In A Child v Cambridge University Hospitals NHS Foundation Trust [2011] EWHC 454 (QB); [2011] EMLR 18, [2011] Med LR 247, 120 BMLR 59 I considered the circumstances in which, when approving a settlement of a claim by a minor, the court should restrain publication of the name, or of other information concerning the claimant.
The 1933 Act s.39 (as amended) provides:
“Power to prohibit publication of certain matter in newspapers.
(1) In relation to any proceedings in any court . . ., the court may direct that—
(a) no newspaper report of the proceedings shall reveal the name, address or school, or include any particulars calculated to lead to the identification, of any child or young person concerned in the proceedings, either as being the person by or against or in respect of whom the proceedings are taken, or as being a witness therein:
(b) no picture shall be published in any newspaper as being or including a picture of any child or young person so concerned in the proceedings as aforesaid;
except in so far (if at all) as may be permitted by the direction of the court.
(2) Any person who publishes any matter in contravention of any such direction shall on summary conviction be liable in respect of each offence to a fine not exceeding level 5 on the standard scale.”
The scope of s.39 was extended by the Children and Young Persons Act 1963, s.57(4) so that that section (and others) now “apply in relation to sound and television broadcasts as they apply in relation to newspapers”. But there has been no extension of s.39 to apply to any other form of report, such as one made in the social media or the internet.
In the Cambridge case the order I made followed the terms of the 1933 Act. It provided that:
“no newspaper report of the proceedings shall reveal the name, address, or school, or include any particulars calculated to lead to the identification of the Claimant as being the person by whom the proceedings are taken and (ii) that no picture shall be published in any newspaper as being or including a picture of the Claimant in the proceedings”.

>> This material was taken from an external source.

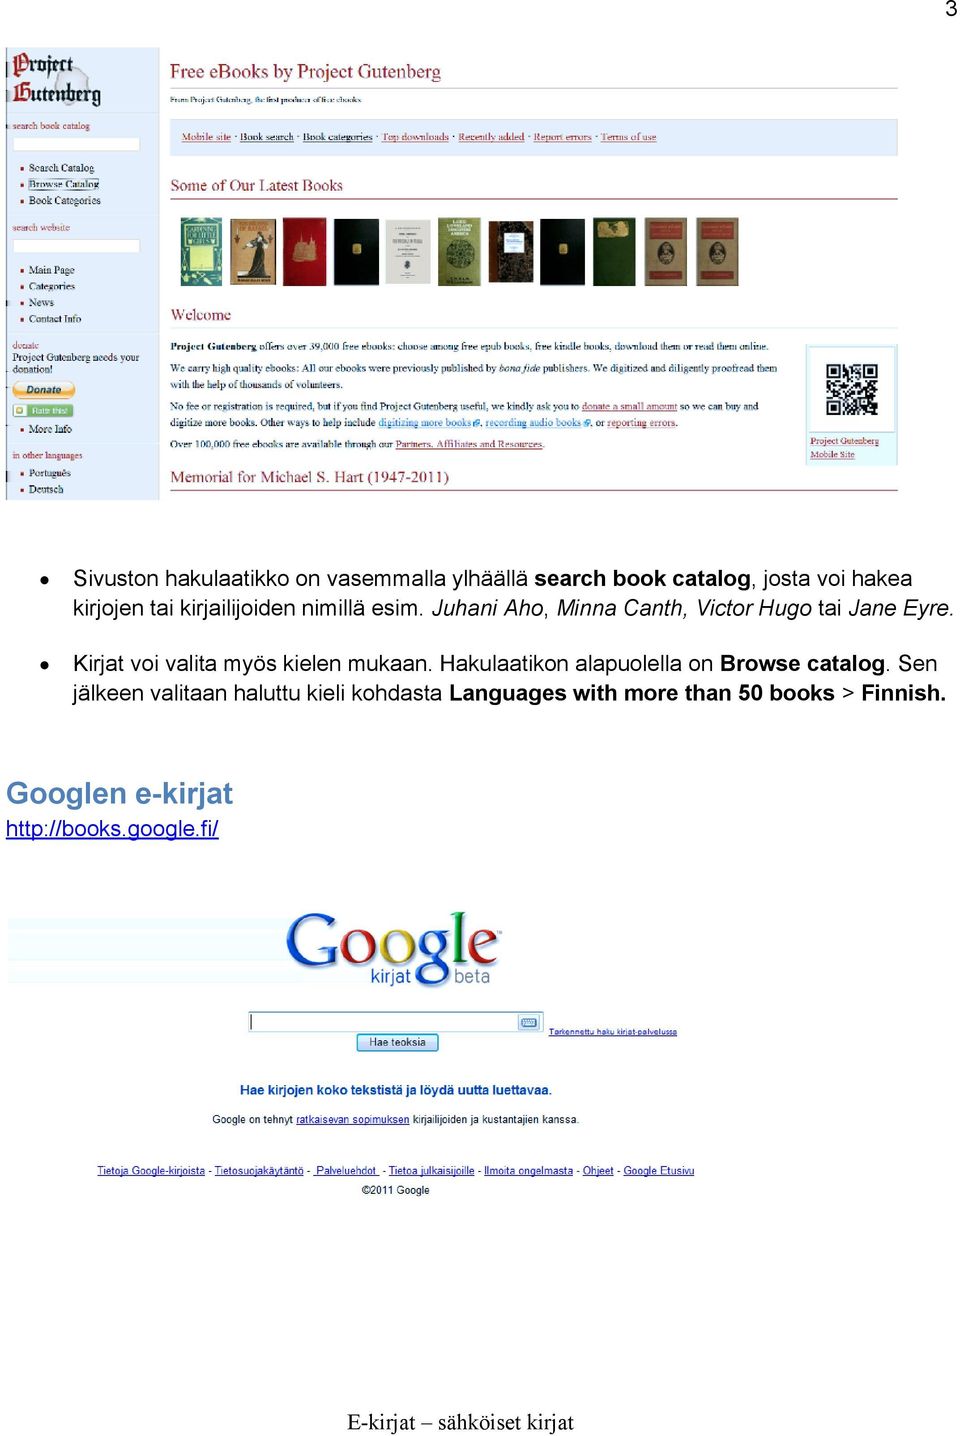 Kirjat voi valita myös kielen mukaan. Hakulaatikon alapuolella on Browse catalog.

I made that order, rather than an anonymity order, because (as I stated in para 14 of the judgment):
“An order under section 39, such as I have made in this case, interferes less with the principle of open justice and freedom of expression, and is less restrictive, than an anonymity order coupled with an order restricting access to documents on the court file pursuant to CPR Part 5.4. It is therefore a more acceptable alternative to an anonymity order, if the case is one in which some protection is necessary for the child's welfare and private life, and if it is not necessary to make a more restrictive order”.
The first draft of the order that Ms Gumbel asked to make in this case followed the form of the order that I made in the Cambridge case, save that after the word “newspaper” there were inserted the words “or other media”, in both places where the word “newspaper” occurs. In a revised draft Ms Gumbel put forward the following:
“AND IT IS FURTHER ORDERED that pursuant to section 39 Children and Young Persons Act 1933 and CPR 5.4C(4) and CPR 39.2(4):
i) the identity of the Claimant must not be disclosed
ii) a non-party may not obtain a copy of a statement of case under CPR 5.4C(1)

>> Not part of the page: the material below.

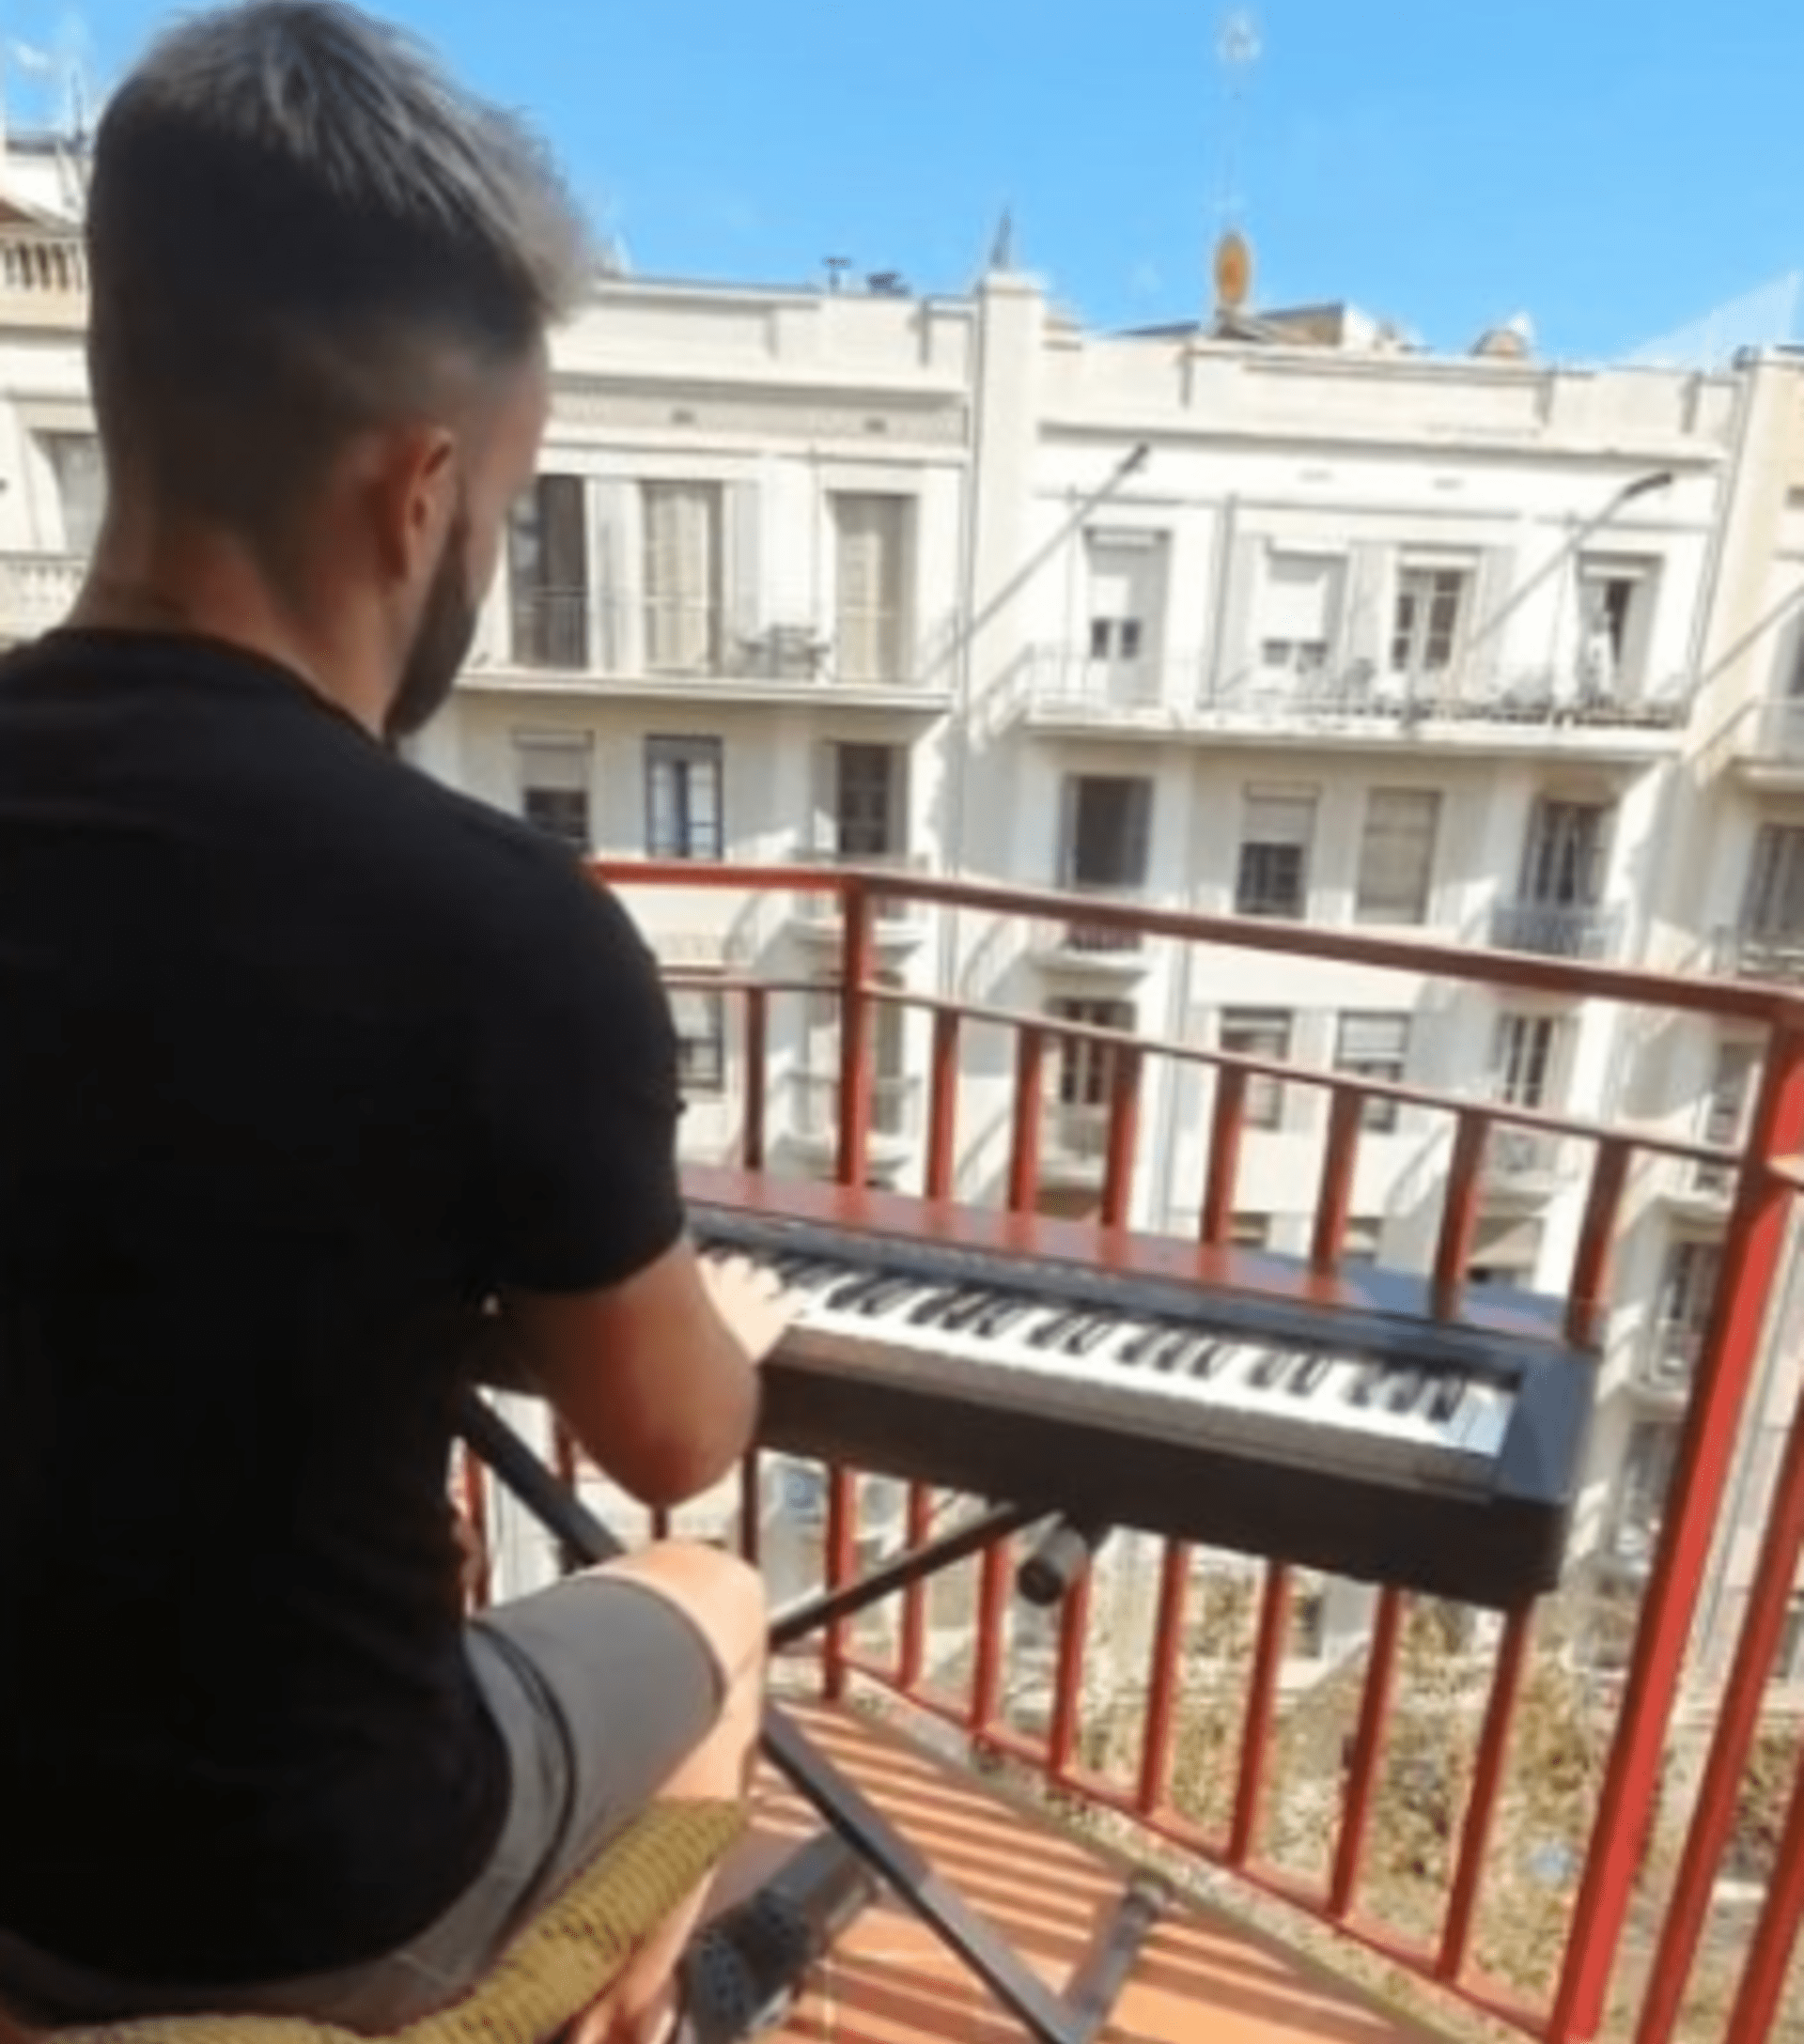 Klavírista zahrál na balkoně titulní píseň z Titaniku

as the Court is satisfied that such an order is necessary to protect the interests of the Claimant and his family and there is no countervailing public interest in disclosure.”

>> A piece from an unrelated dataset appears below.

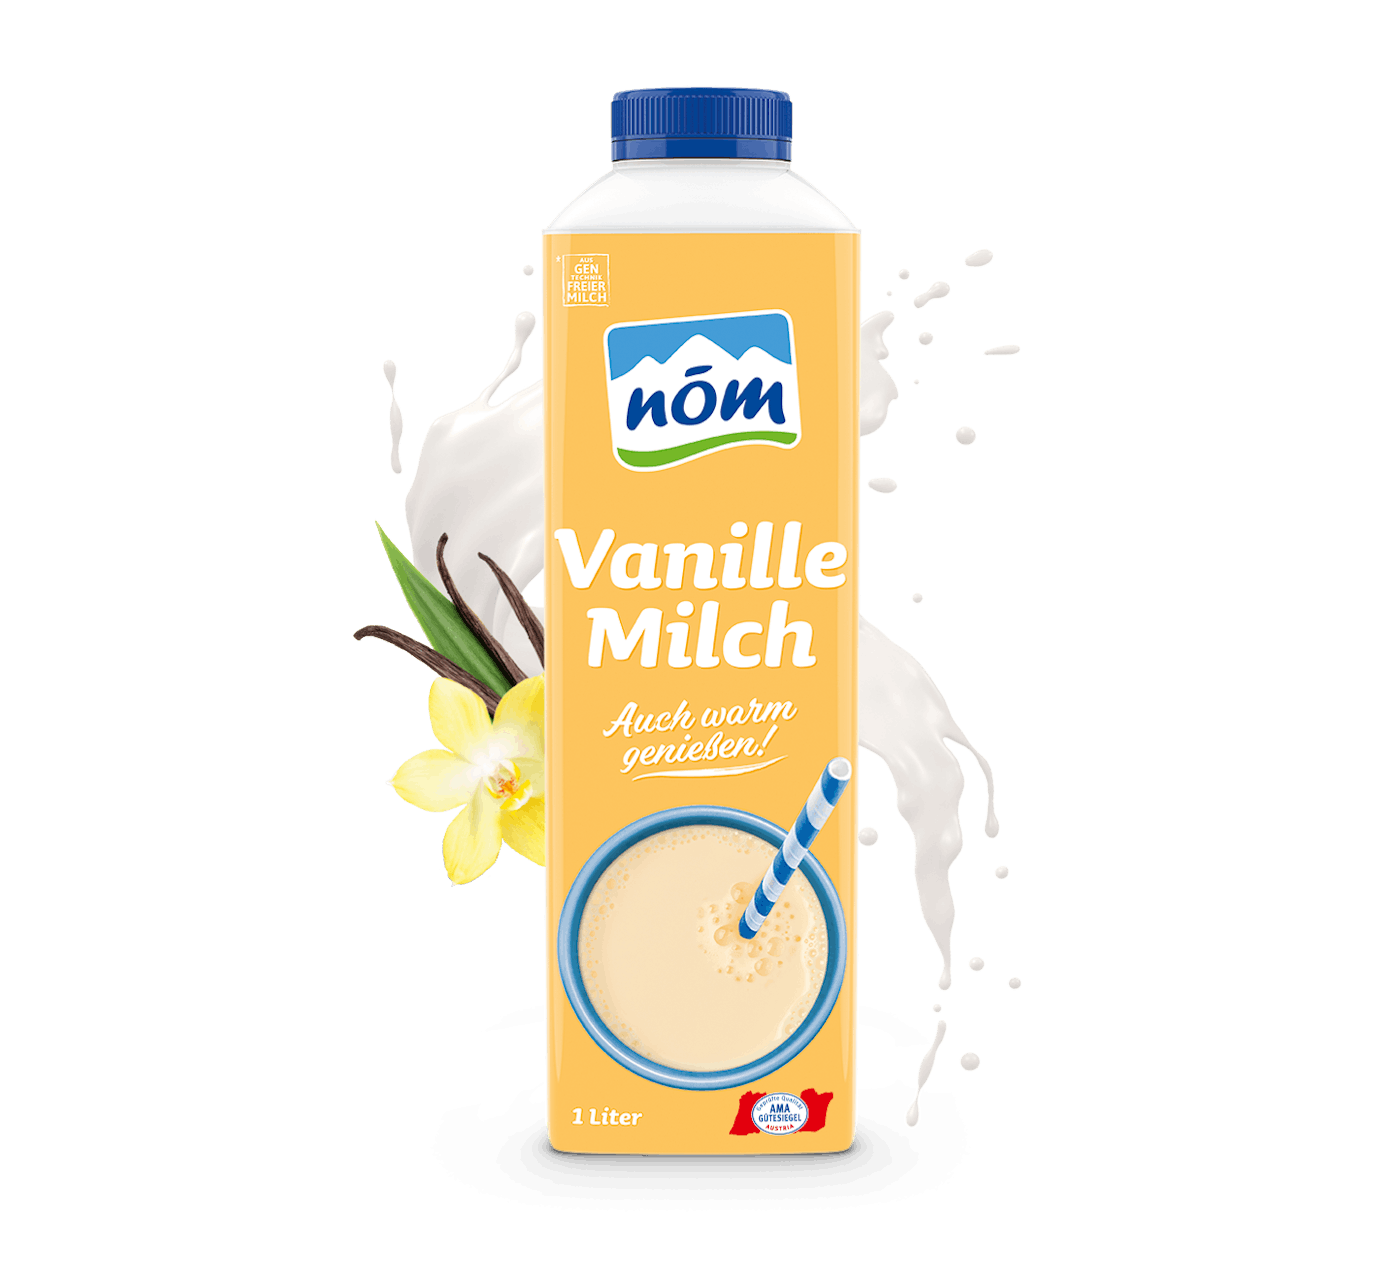 NÖM Vanillemilch in 1 Liter Tetra Pak mit Blumen

In LK v Sandwell & West Birmingham Hospitals NHS Trust [2010] EWHC 1928 (QB) I had made an anonymity order, that is an order under CPR Part 39.2(4) (“The court may order that the identity of any party … must not be disclosed if it considers non-disclosure necessary in order to protect the interests of that party …”). In JXF (a child suing by his mother and litigation friend KMF) v York Hospitals NHS Foundation Trust [2010] EWHC 2800 (QB) I set out the legal framework in which the court approves settlements and the provisions relevant for ensuring open justice. In that case, too, I made an anonymity order. In cases involving adults an order under the 1933 Act is, of course, not available.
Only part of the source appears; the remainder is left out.